BEGIN DATASET ENTRIES
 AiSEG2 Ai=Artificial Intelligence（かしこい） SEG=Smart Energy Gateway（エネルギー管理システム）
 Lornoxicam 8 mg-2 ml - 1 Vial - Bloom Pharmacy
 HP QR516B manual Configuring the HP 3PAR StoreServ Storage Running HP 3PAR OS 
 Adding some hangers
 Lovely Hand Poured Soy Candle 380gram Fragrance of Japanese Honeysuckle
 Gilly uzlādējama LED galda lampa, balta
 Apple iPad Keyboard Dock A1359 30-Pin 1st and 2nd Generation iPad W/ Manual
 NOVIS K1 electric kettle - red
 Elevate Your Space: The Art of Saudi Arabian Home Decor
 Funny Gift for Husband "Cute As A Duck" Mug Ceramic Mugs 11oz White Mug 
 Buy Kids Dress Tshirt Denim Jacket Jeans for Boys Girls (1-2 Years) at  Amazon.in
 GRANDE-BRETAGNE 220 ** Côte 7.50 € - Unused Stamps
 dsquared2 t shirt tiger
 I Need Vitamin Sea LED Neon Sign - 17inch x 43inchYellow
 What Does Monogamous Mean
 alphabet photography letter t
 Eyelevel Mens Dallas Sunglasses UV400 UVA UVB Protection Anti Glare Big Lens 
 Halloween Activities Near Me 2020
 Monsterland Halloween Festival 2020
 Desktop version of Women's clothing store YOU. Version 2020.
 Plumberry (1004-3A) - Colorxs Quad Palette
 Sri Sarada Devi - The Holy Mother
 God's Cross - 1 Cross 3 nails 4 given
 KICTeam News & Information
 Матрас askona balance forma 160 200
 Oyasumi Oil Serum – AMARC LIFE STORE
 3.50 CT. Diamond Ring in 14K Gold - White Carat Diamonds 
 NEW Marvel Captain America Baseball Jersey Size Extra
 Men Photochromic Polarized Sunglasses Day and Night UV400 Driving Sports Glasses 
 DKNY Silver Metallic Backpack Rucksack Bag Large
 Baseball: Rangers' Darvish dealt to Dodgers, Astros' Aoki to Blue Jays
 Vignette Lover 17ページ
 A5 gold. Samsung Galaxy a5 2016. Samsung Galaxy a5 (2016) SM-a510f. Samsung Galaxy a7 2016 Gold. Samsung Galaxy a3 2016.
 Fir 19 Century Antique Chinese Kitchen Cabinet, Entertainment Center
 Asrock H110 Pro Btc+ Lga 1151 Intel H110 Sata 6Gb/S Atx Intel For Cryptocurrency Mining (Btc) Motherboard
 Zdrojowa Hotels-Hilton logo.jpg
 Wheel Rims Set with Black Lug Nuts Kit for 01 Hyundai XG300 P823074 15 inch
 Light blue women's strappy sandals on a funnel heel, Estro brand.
END DATASET ENTRIES
_TASK DIRECTIONS_. Working from the entries above, return all lines that contain "Gold".

_RESPONSE BELOW_.
 3.50 CT. Diamond Ring in 14K Gold - White Carat Diamonds 
 A5 gold. Samsung Galaxy a5 2016. Samsung Galaxy a5 (2016) SM-a510f. Samsung Galaxy a7 2016 Gold. Samsung Galaxy a3 2016.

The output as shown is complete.